There is more hope for smaller businesses. The reason is that whereas we have only one directorate dedicated to the large businesses, there are two different directorates in BOI dedicated to the small scale business. Unfortunately, many business owners don’t know about this. We have what is called Small and Medium enterprises directorate headed by an executive director, who handles businesses of N10M and above.

And then we have another directorate known as Micro-enterprises who handle businesses from N1 to N10M. As I said, people don’t know that if you want to borrow less than N10 million from the Bank of Industry, you don’t need any tangible security. You don’t need to own land or a house. What we normally ask for are guarantors.

We now have mobile collateral asset register, which was introduced by Central Bank. Under this, if you own a car or any other movable asset, you can register it under the collateral asset register, and then on the strength of that, we give you a loan.

People don’t know we have lending schemes for fresh graduates as well. We lend to youth corp members who have business skills. We call it the Graduate entrepreneurial scheme. What we do with them is to ask for their NYSC certificates and they get loans. But they must do us a feasibility study to show that they know what they want to do with the money. After that, they undergo training with us, free of charge. We have so many success stories from that.

We also have a Youth Entrepreneurship Scheme (YES) programme. This one is for those who have left the university or have obtained an Ordinary National Diploma, within the age of 18­ and 35. Again we lend them money without tangible security. All we need are two guarantors.

Going personal now, how did you meet your wife and who is she?

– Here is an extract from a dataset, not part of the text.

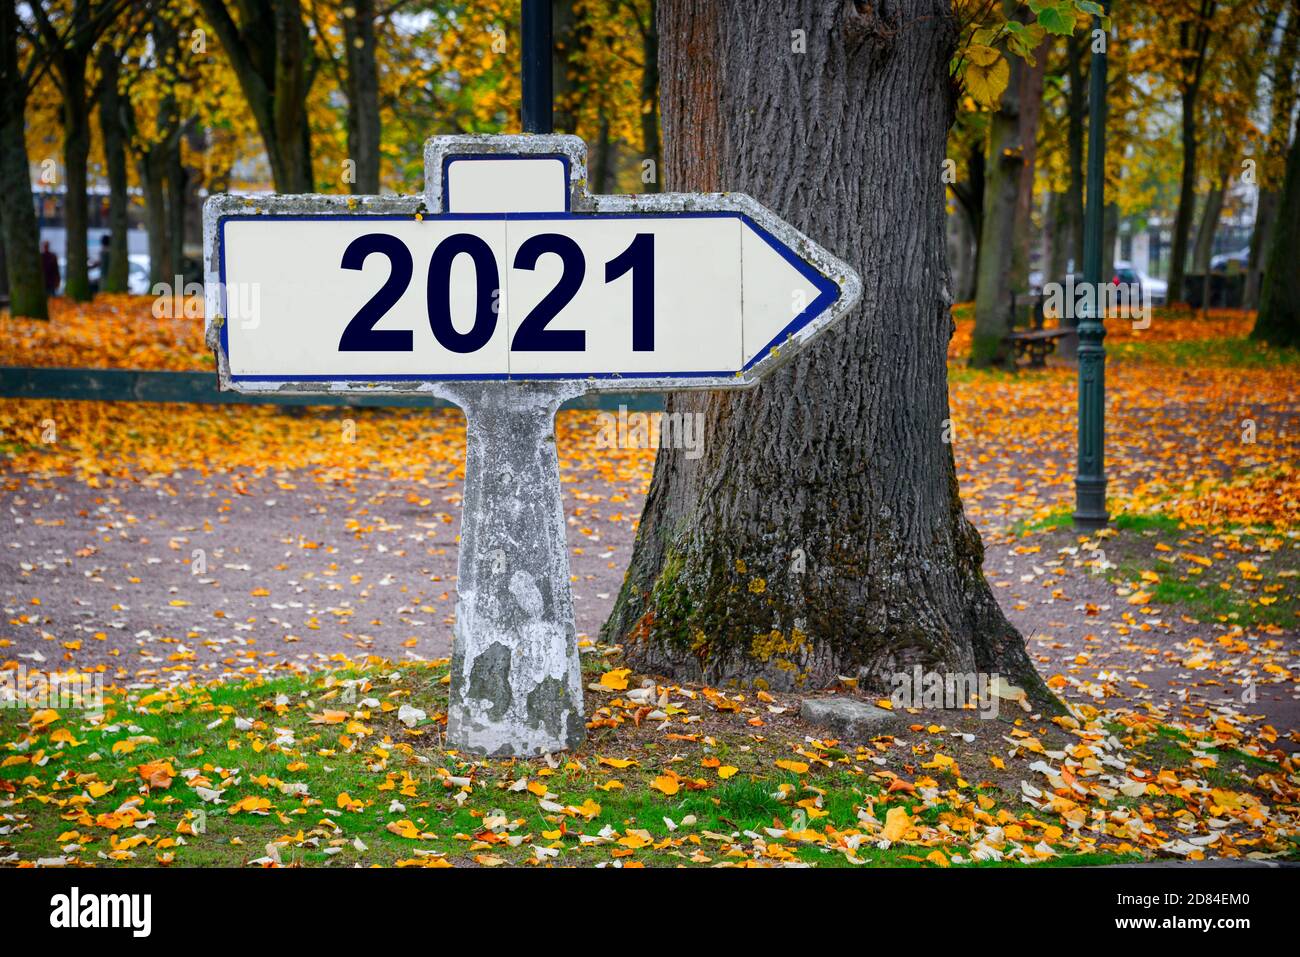 2021 written on an old french roadsign, fall background Stock Photo

My wife is Ijeoma. We’ve been married for 28 years. I met her elder brother in university and we became friends. We were visiting each other, but I never spoke to Ijeoma because she was younger than me. She was also very reserved. Years after, I visited my uncle’s wife and told her I felt like getting married. She supported the idea. I told her I didn’t have anybody in my life. She then suggested two people, one of them, a graduate, the other was not. And I told her I wanted a graduate from a good home.

My uncle’s wife didn’t know how to locate her but knew her family well. As God would have it, her first daughter had met Ijeoma a few months earlier. All she could remember was that Ijeoma arrived Lagos from Jos to collect data for her Master’s degree thesis. They met in the process and she would have returned to Jos.  The daughter didn’t have any other information. With that, I went to look for the elder brother. I told him that I would be visiting Jos. I asked for a written note introducing me to her sister. He obliged.

By the time I got to her in Jos she remembered who I was and then we spoke. The next day, I asked that she saw me off at the airport. It was then she asked what I came to do in Jos. I told her I came to see her. She didn’t believe it. I left for Lagos. The following day, I put a call to her and I proposed to her and she accepted. In less than six months, we were married. No courtship. Our courtship was via letters and phone calls.

Are any of your children into banking?

No. None of them likes banking. They all say banking is too tedious. My first daughter is an engineer; my second daughter is studying medicine and the third girl is in the university as well, while the baby of the house is in senior secondary. But in life, you never say NEVER. I have been a Pastor in  The Redeemed Christian Church of God for about twenty years. I never imagined I would be a Pastor.

What would be your advice to the young ones who want to go into your profession and make a success of it?

I have this formula that has worked for me, and it is 3Hs – hard work, humility and holiness. These are what have driven me, and propelled me, all my life. Hard work has no alternative. If you are not willing to work hard, forget success. If you are not humble, you cannot learn. Invariably, you cannot grow. And the last H, holiness. Holiness is next to godliness. Don’t do what God doesn’t want. Don’t steal. Move closer to God. He will guide and make ways for you beyond your imaginations. There is always a GOD FACTOR in every success.